Latest Hybrid in Healthcare

Nursing and engineering partner up

By Martha N. Hill, PhD, RN, Dean and Professor of Nursing, Medicine, and Public Health

As a nation, we have engaged in much hand-wringing and disagreement over the future of an out-of-control healthcare system. But for those of us working on the front lines to make certain every American has access to appropriate care, there is one point on which we can all agree: No discipline, no area of expertise, no profession will solve this crisis alone.

That’s why we are seeing some of the best ideas and most promising solutions coming from partnerships that years ago might have seemed out of character. Consider the fields of nursing and engineering. Today, the lines are blurring, and it is in this middle ground that we may solve some of our toughest challenges.

The burgeoning field of bio-medical engineering now includes nursing. Engineers and nurses work together not only to facilitate understanding of how to improve systems and equipment for safety, but also to design them. More and more, we hear of nurses and engineers addressing and even resolving problems of everyday living such as mobility and incapacity, and cognition and dementia.
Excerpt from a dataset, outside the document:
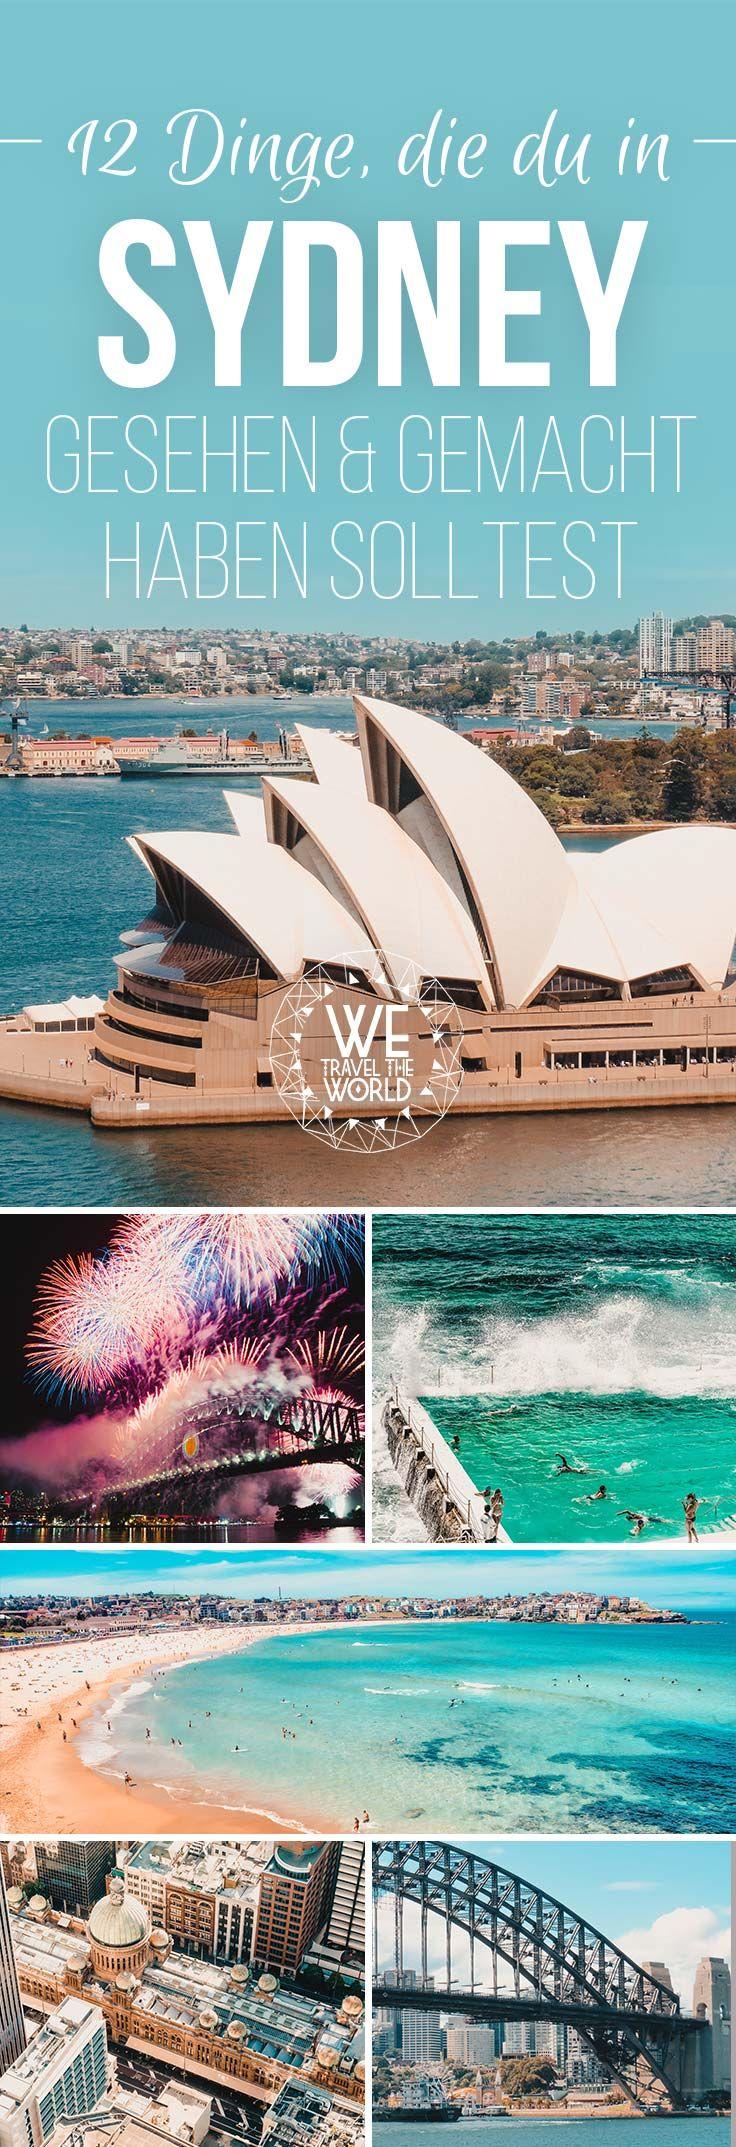 Australien Reise: Ein Tag in Sydney. Die 12 besten Sydney Sehenswürdigkeiten, Reisetipps, Highlights, Insidertipps und Must Sees die du besichtigt und gemacht haben solltest. #sydney #reisetipps

Just recently Science Daily reported an effort by nursing and engineering professors in Rhode Island to improve healthy living among seniors and to reduce complications from sedentary living. (“Nursing, Engineering Professors Developing Device to Get Seniors Moving,” March 7, 2011.) According to the report, their work has resulted in an “Activity Analyzer” that sends messages recorded by family or healthcare providers to seniors to prompt activity and then monitor and track the resultant activity. The team is now considering other possible uses for the device, such as step-by-step instructions for meal preparation and reminders to take medications. These uses—and the subsequent monitoring of the activity—could increase independent living among aging or incapacitated people and provide support to their professional and nonprofessional caregivers.

This team effort is an example of what the best minds in engineering and nursing can bring to healthcare and to populations in need. It also illustrates the exciting and expanding opportunities within both fields for those who either work in nursing-engineering teams or acquire the skills of both nursing and engineering. As our healthcare becomes increasingly technological in nature, we will need one another; and as we initiate that interdisciplinary reliance, we will develop hybrids between our professions.

Whether we call these hybrids of the future bio-nursing engineers or bio-engineering nurses, their career opportunities will be limitless. They will research and develop systems of care, medical equipment, and technological procedures. They will bring the best practices of both professions to bear on evidence-based healthcare. And they will combine the nursing hallmark of patient-centered care with the principles of electrical, chemical, and mechanical engineering to improve health and the quality of life for populations across the lifespan and throughout the world.

I often ask prospective students, “Have you thought about nursing lately?” and explain how nursing opens doors to a fascinating and rewarding career. Now I’m asking engineers and prospective engineering students, “Have you thought about nursing and engineering?” Let’s continue to work together to expand the possibilities for nurses and engineers. Let’s continue to promote what we can achieve together. Because it is on this common ground that we will discover our most promising ideas.